After reports emerged that three Indigenous people have died in custody across Australia in a week, proud Barranbinya man and ABC Sports reporter Tony Armstrong has said that the wider community is “white-hot with rage”, calling the continued deaths in custody a “national crisis” and “as serious a health risk as it gets in the Indigenous community”.
Speaking on the couch on News Breakfast on Friday morning, where he’s currently standing in as the program’s sports reporter, Tony said that it’s obvious that nothing is being done to address the deaths in custody, as 2021 marks 30 years since the Royal Commission into the issue.
“It makes me sick,” he said to co-anchors Lisa Millar and Michael Rowland.
“Being Indigenous… we have to talk about this stuff with a kind of uptick, talking about ‘Oh, you know, there’s a positive light at the end of the tunnel.’ 30 years since the Royal Commission and, as you said, over 450 deaths.”
In the last week, three Indigenous people across two prison facilities in New South Wales and Victoria have died, with the latest being a man at the medium-level Ravenhall prison, west of Melbourne.
Tony said that during the Black Lives Matter protests last year, a lot of allies were noting that there was a shift in the energy, and commenting that “it just felt different this time”. Tony agreed, but said the difference is not a positive one – more Indigenous people are dying in custody and at a faster rate.
“It is different,” he said.
“If you look at it statistically, we’re dying in jail faster than we were between the Royal Commission and Black Lives Matter last year. So, in fact, it’s gotten worse. And this is just reported deaths, of course.”

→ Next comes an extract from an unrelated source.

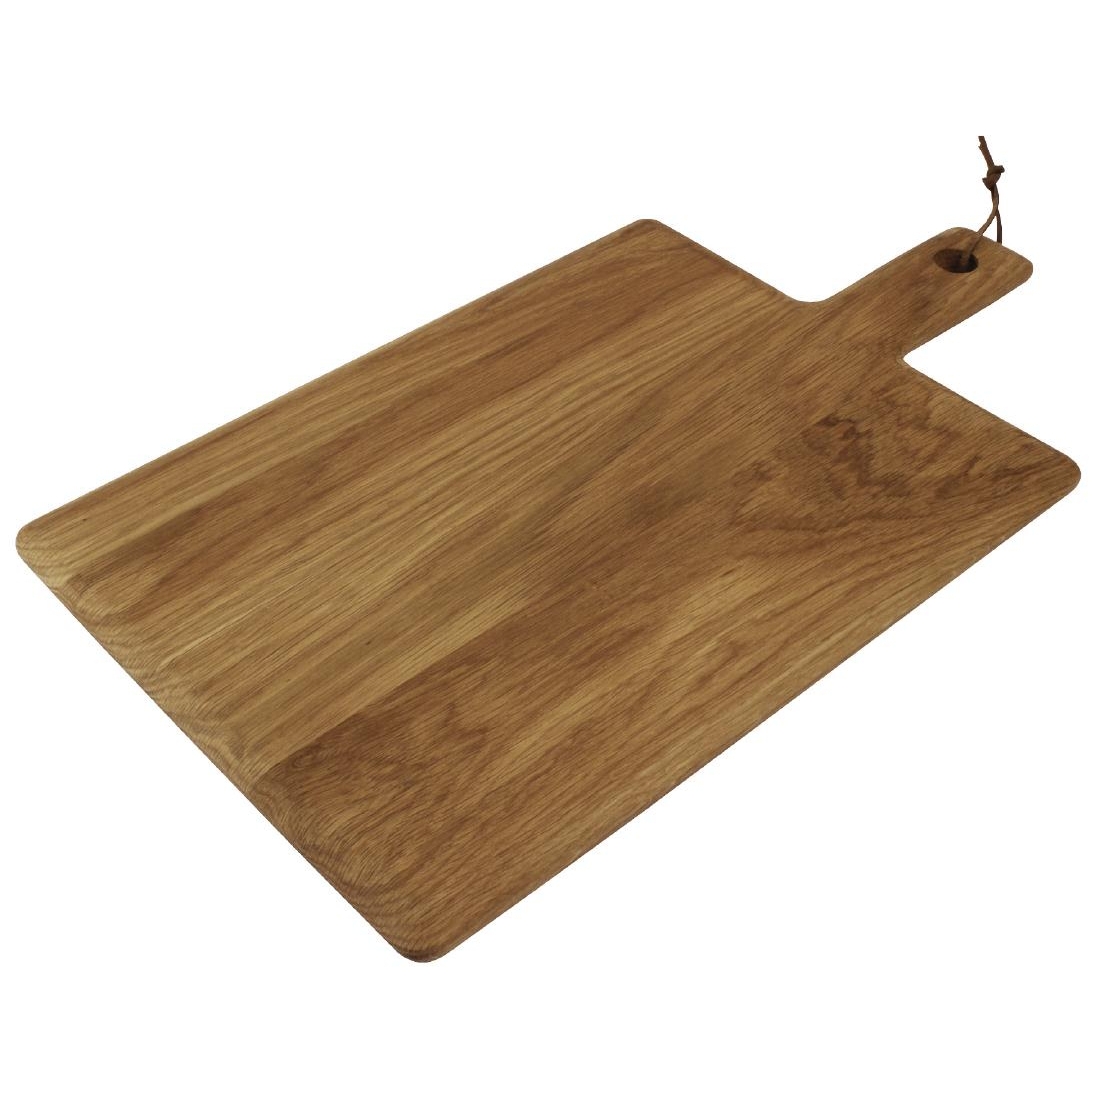 Olympia Oak Handled Wooden Board Large
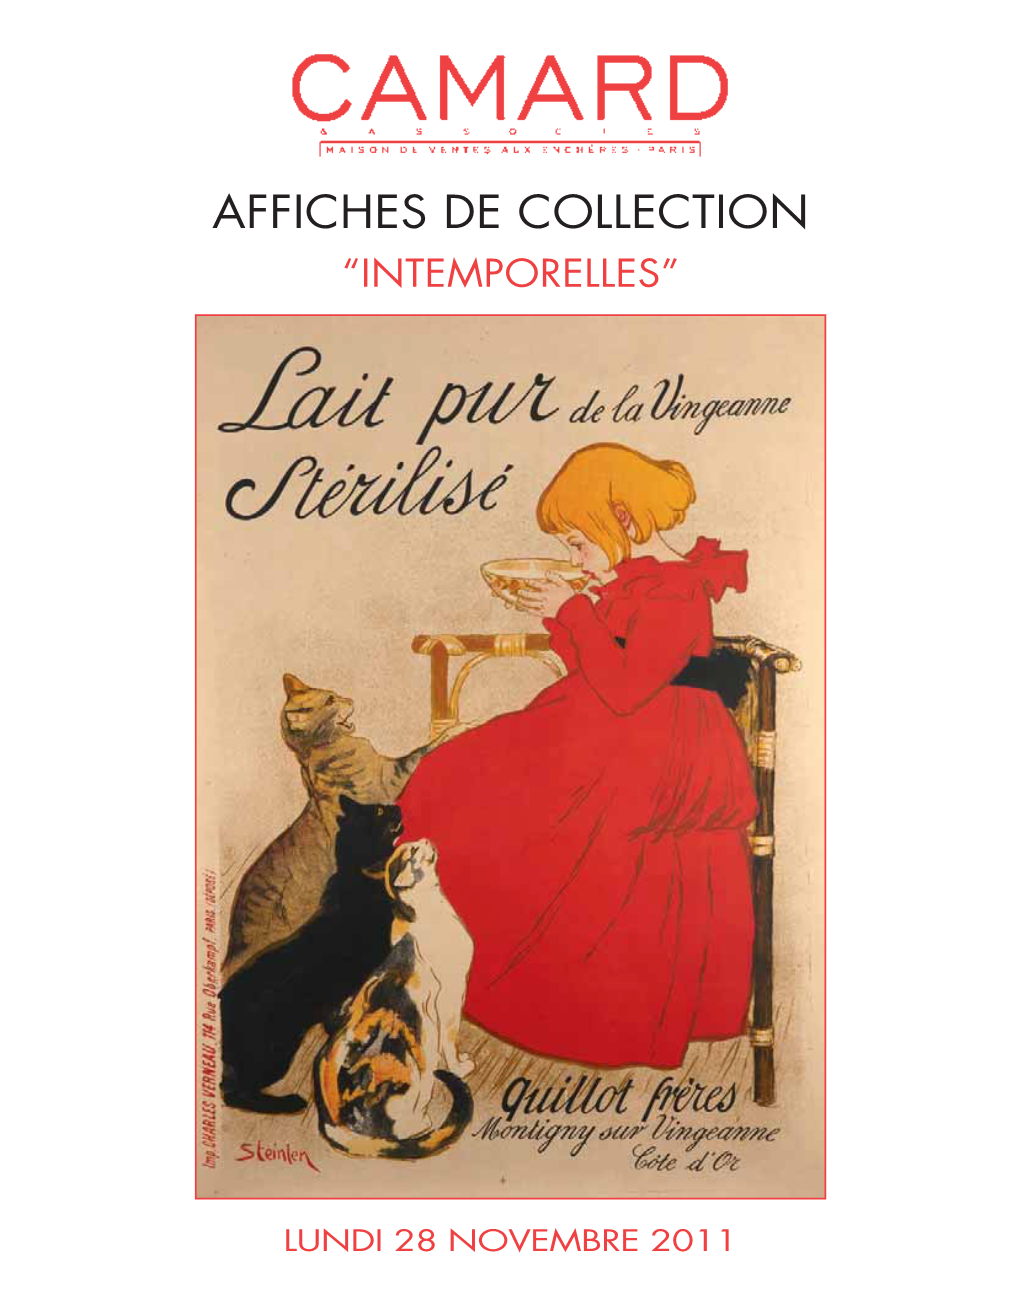 Affiches De Collection “Intemporelles”

“We’re angry…white hot with rage.”— News Breakfast (@BreakfastNews) March 11, 2021
The ABC’s Tony Armstrong says nothing is being done to address Indigenous deaths in custody. It comes amid growing outrage over a third death in custody in a week. @Tonaaayy_ @abcnews pic.twitter.com/GT1hE13YHQ
Tony also said that a lot of finger-pointing is being done over the issue, despite the governments over the last 30 years having recommendations from the Royal Commission to help ease the problem.
“Nothing is being done,” he said.
“So much finger-pointing, ‘the problem’s here, the problem’s there’. The answers are in the Royal Commission from 30 years ago, and so many of those recommendations have not been acted upon. I mean, that’s the thing that kills me, the thing that really frustrates me.
“We know what needs to be done, and whoever’s been in charge over the course of those 30 years, nothing has been done.
“This is as serious a health risk as there is in the Indigenous community. You go into jail, you are a huge chance of dying. This is a national crisis, one of the many that Indigenous people face.”